パリで広がる「Bento」文化 ~日本食はブームから“本物志向”へ~

weeeat!編集部
パリで広がる「Bento」文化 ~日本食はブームから“本物志向”へ~

日本人になじみの深いお昼ごはんといえば「お弁当」。ランチ代を節約できて、栄養バランスの良い美味しい食事を楽しめることから、職場にお弁当を持っていく方も多いと思います。私たちの暮らしに欠かせないお弁当は、日本のみならず、フランスでもそのまま「Bento」と呼ばれ、注目を集めています。今回は、“美食の都”パリで日本のお弁当を提供するAuthentic Bentoの伊藤恵梨子さんに現地の反応を伺いながら、フランスと日本の食文化の違いや、フランスのオーガニック事情について教えていただきました。
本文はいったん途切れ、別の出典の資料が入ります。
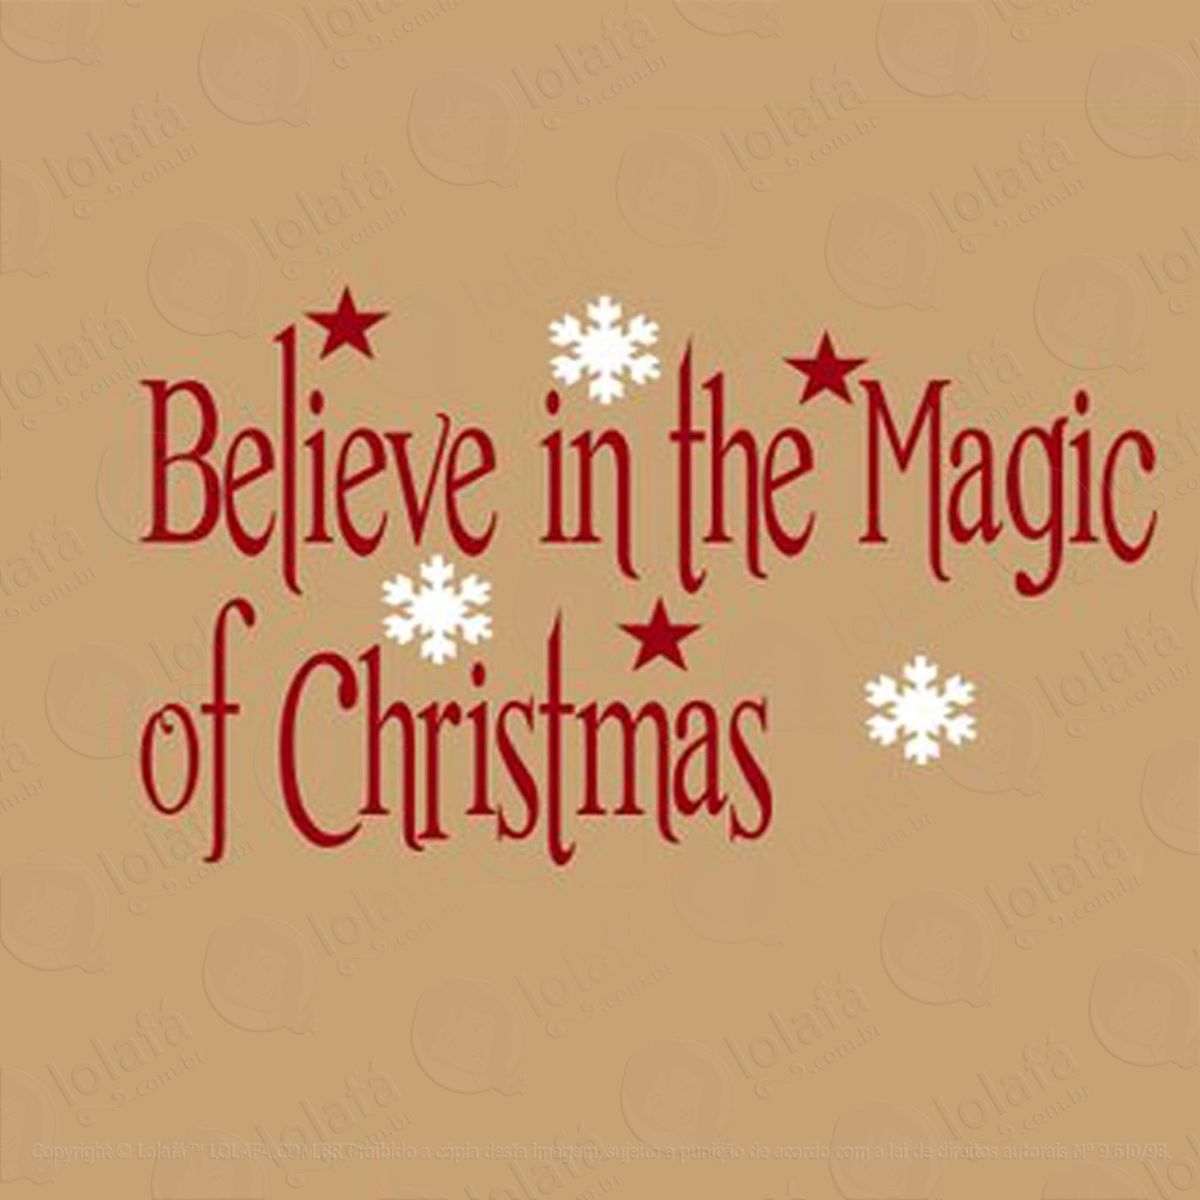 acredite na magia adesivo de natal para vitrine, parede, porta de vidro - decoração natalina mod:3

パリで人気!「100%手作り」にこだわるお弁当屋さん

―weeeat!編集部
伊藤さんは2016年からパリでお弁当屋さんを経営されているとのことですが、海外で出店を決めたきっかけについて教えてください。

―伊藤さん
パリに来た頃はフランス語も話せない、飲食店を経営した経験もない状態でした。語学を習得し、航空会社で働いていましたが、この先、この国で生きていく上で何を武器にできるかと模索し、やはり「日本人であること」が私の強みだという考えにたどり着きました。そこから日本のお弁当屋さんというアイデアが生まれました。

―weeeat!編集部
飲食業経営の経験もない中で、海外で起業というのはすごいですね!

―伊藤さん
もちろん母親として料理をすることはあっても、それを職業にすることまでは考えていませんでしたね。

―weeeat!編集部
お仕事で「日本食」に関わることはあったんですか?

―伊藤さん
航空会社で働いていた時に、機内サービスをメインに担当したことがありました。現地での機内食の製造過程や構成の様子は間近に見ることはできましたが、自分でお弁当屋さんを立ち上げるのとでは全く別物。それでも、日本食=栄養バランスの良い健康的な食事といったイメージが現地の人の間に根づいており、そういったベースがある中でスタートできたのは幸運でした。

―weeeat!編集部
お弁当屋さんを立ち上げるにあたって、苦労したことがあれば教えてください。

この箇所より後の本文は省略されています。